Sir; I wish to take umbrage about a story on beef exports to Holland (The Grocer, January 15, p14). The fourth paragraph refers to "the fight to return British beef to supermarket shelves on the continent".
This phrase crops up in nearly every story about beef exports but is fundamentally wrong. British beef was never stocked on supermarket shelves on the continent, except in very small quantities briefly during the '80s and again in the early '90s.
The British beef exports banned by the European Commission in 1996 comprised, mostly, two types of commodity: about half a million live dairy calves, shipped annually to Holland and France for fattening as veal, and 300,000 cow carcasses sent to France as manufacturing grade beef.
Press releases from the NFU and other outfits give the impression of continental consumers being denied the right to buy high-quality British sirloin steaks.
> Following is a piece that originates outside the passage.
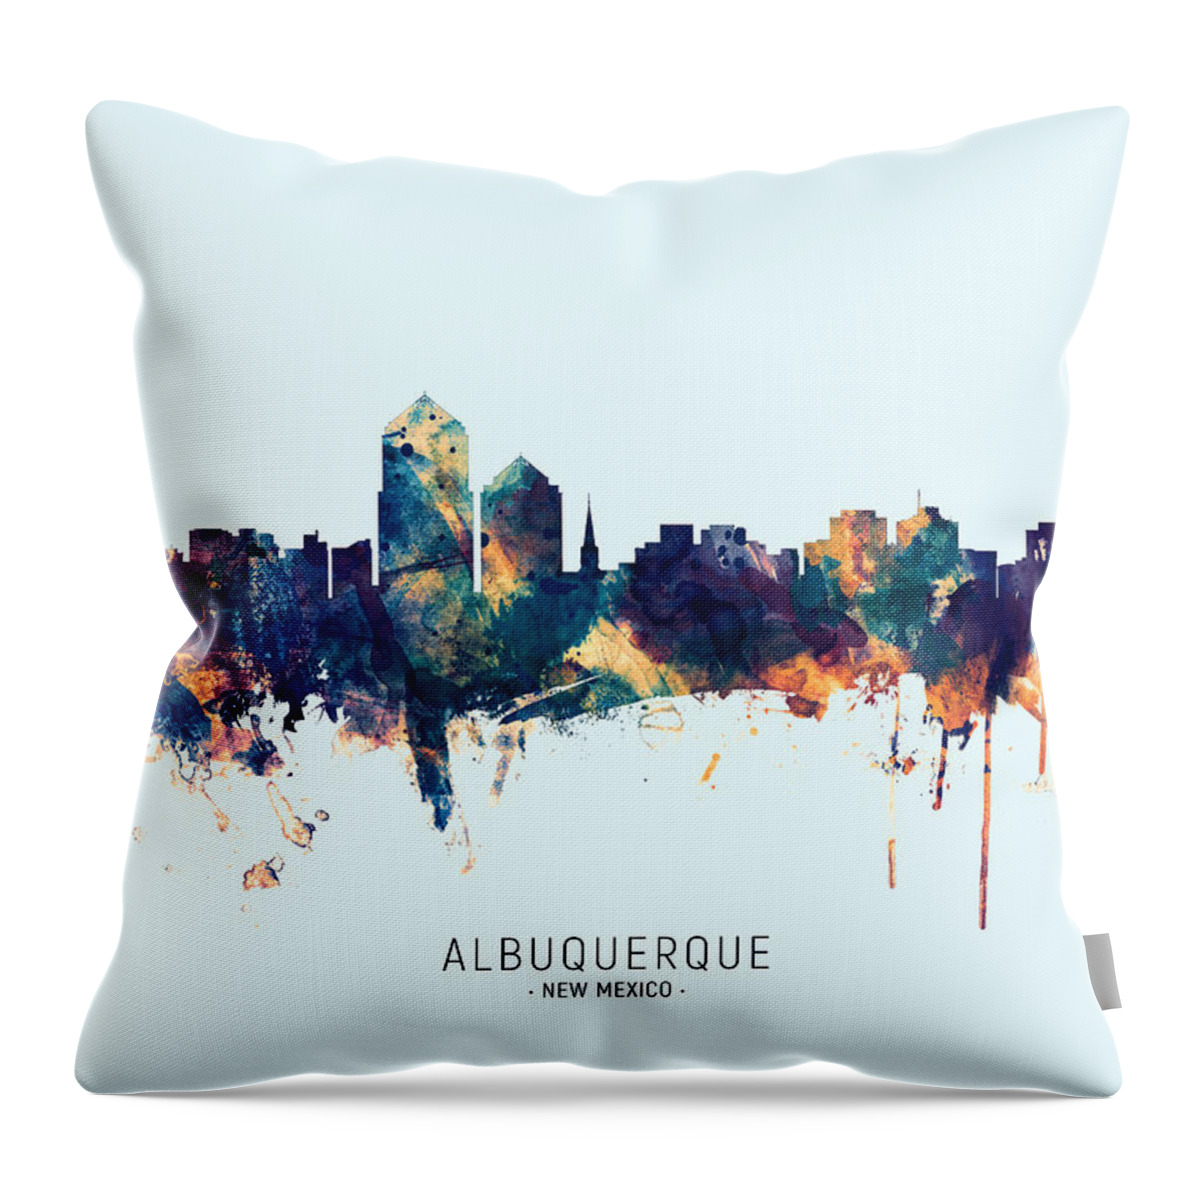 Albuquerque Throw Pillow featuring the digital art Albuquerque New Mexico Skyline #30 by Michael Tompsett

That trade is almost entirely a myth: a little Scottish beef went to Germany in the '80s, but they stopped buying it commercially, and their government banned it in the early days of the BSE controversy.
Exports of quality beef to some other EU states did build up in the late '80s and early '90s. However, this was almost entirely for the catering trades, mainly in Italy. The primary impetus was low price caused by the sterling devaluation of 1992. This competitiveness led to high quality "clean beef" becoming the majority of tonnage shipped for a short time in 1993-94. In 1995, well before the Brussels ban, these exports were already declining as the sterling exchange rate strengthened.